Abstract Body (Do not enter title and authors here): Background: The heart primarily relies on long-chain fatty acids (LCFAs) for energy, utilizing endothelial (EC) and cardiomyocyte (CM) CD36 transporters for respective delivery to and uptake by CMs.
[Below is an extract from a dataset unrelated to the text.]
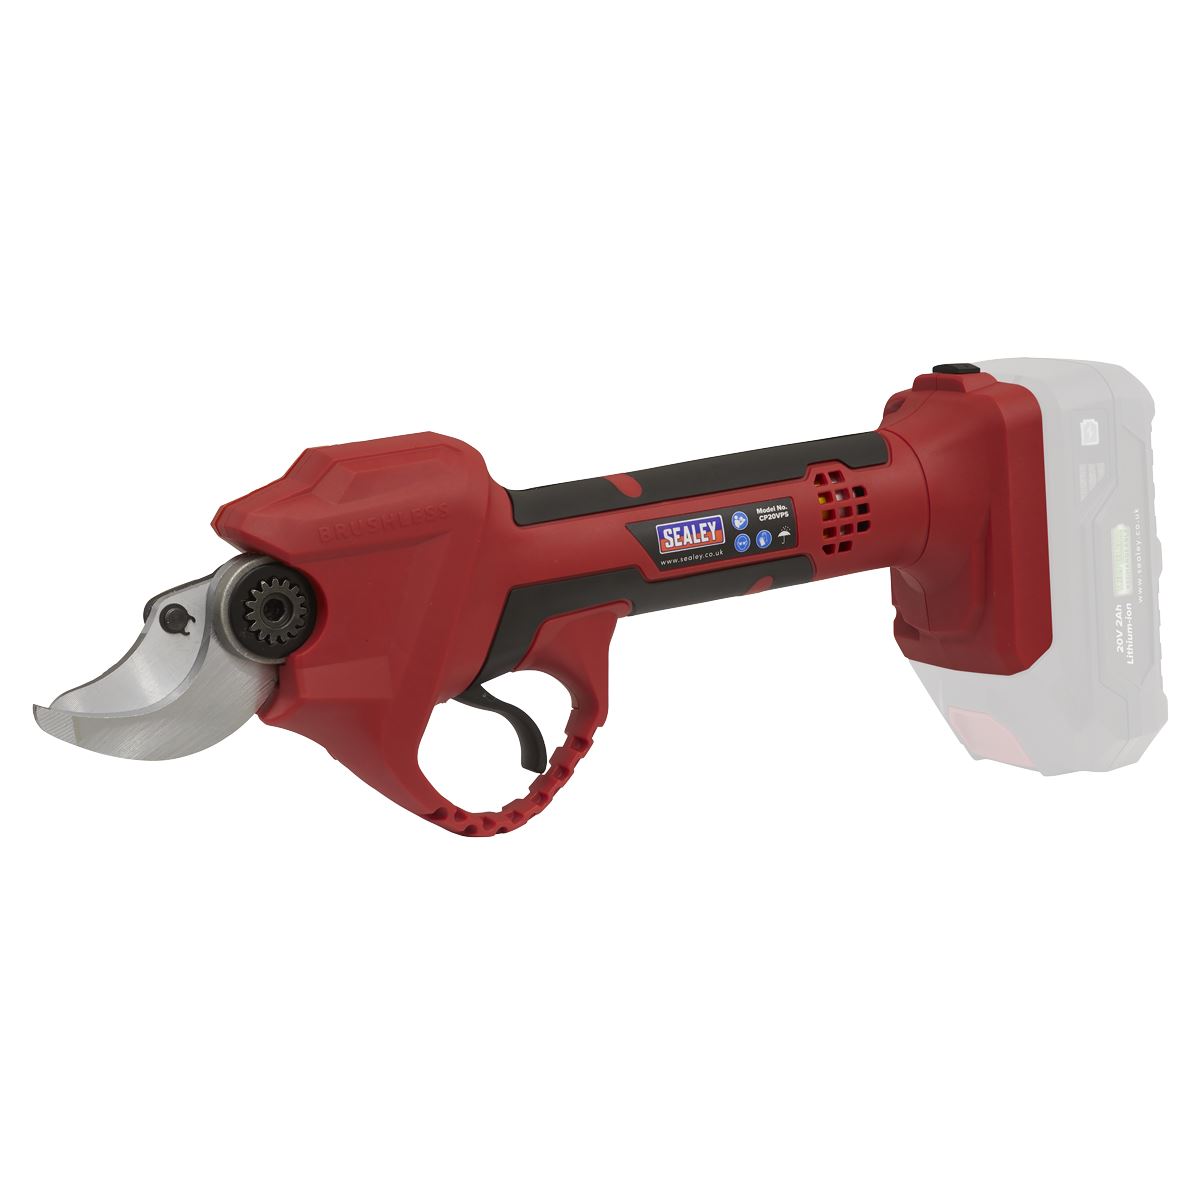 Sealey Pruning Shears Cordless 20V SV20 Series - Body Only

While acyl-Coenzyme A synthetase 1 (ACSL1) facilitates LCFA uptake via vectorial acylation, a form of metabolic trapping, through esterification to acyl-CoA, the coordinated LCFA delivery and uptake by CMs with metabolic trapping by ACSL1 in CMs is unclear.
Methods: EC- and CM-specific CD36 knockout (KO) mice were crossed with cardiac specific, low ACSL1-overexpressing mice (MHC-ACSL1 J3). Isolated hearts were perfused with ¹³C palmitate/oleate, glucose and lactate. LCFA uptake kinetics were indexed in hearts by dynamic mode ¹³C NMR (Fig 1A,B). LCFA oxidation and metabolites were determined by end point NMR and mass spectrometry.
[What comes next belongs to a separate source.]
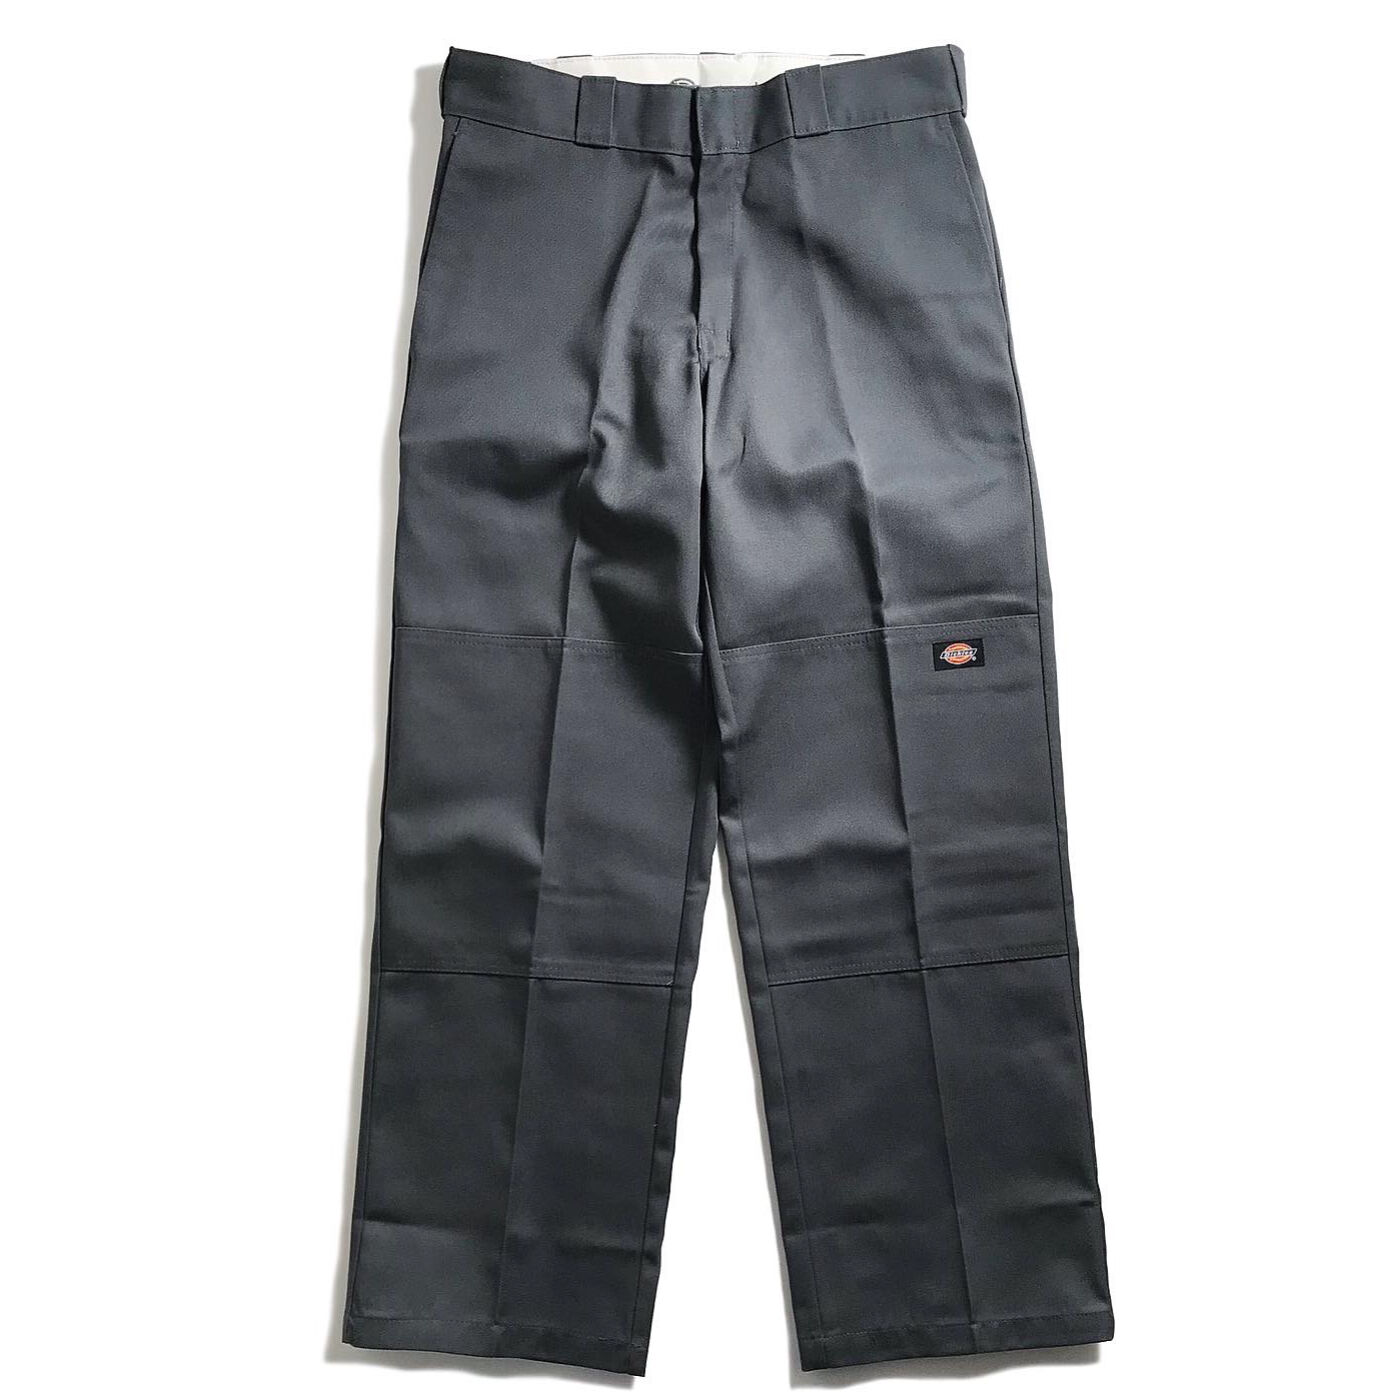 Dickies Loose Fit Double Knee Work Pants Charcoal / ディッキーズ

Results: EC- and CM-CD36 KO delayed LCFA uptake by CMs, as indexed by initial transport-dependent entry into naïve, unlabeled triglyceride (TG), highlighting distinct yet essential roles of each CD36 population (Fig 1B). Cardiac function was similar among groups. As published, MHC-ACSL1 alone reduced LCFA oxidation due to increased acyl-CoA, enabling substrate competition with high Km enzymes of other pathways. EC-CD36 KO delayed LCFA delivery to CMs, reducing LCFA entry into oxidative and cytosolic metabolism (Fc) (Fig 1C). CM-CD36 KO directly impaired LCFA entry into CMs, also reducing LCFA oxidation and cytosolic metabolism (Fig 1E). Metabolic trapping of LCFA by ACSL1 overexpression (ACSL1 OE) offset reduced LCFA entry rates into CD36 KO CMs (Fig 1D, 1F). ACSL1 OE increases metabolic trapping through increased acyl-CoA (Fig 2) and sustains LCFA gradients across the sarcolemma in EC-CD36 KO CMs to promote LCFA influx, inducing CD36-independent uptake.
Conclusion: 1) deleting CD36-dependent transendothelial delivery of LCFA to CMs slows, but does not eliminate uptake into CMs, leading to reduced LCFA oxidation and cytosolic metabolism, 2) the LCFA gradient across the sarcolemma in EC-CD36 KO can be increased by metabolic trapping via ACSL1 OE to restore LCFA uptake kinetics and cytosolic metabolism, 3) In CM-CD36KO hearts metabolic trapping of LCFA as acyl-CoA promotes uptake into CMs via CD36-independent mechanisms that restore LCFA metabolites, 4) Both EC- and CM-CD36 KO limit LCFA oxidation, which was not restored by high acyl-CoA due to substrate competition among higher Km enzymes.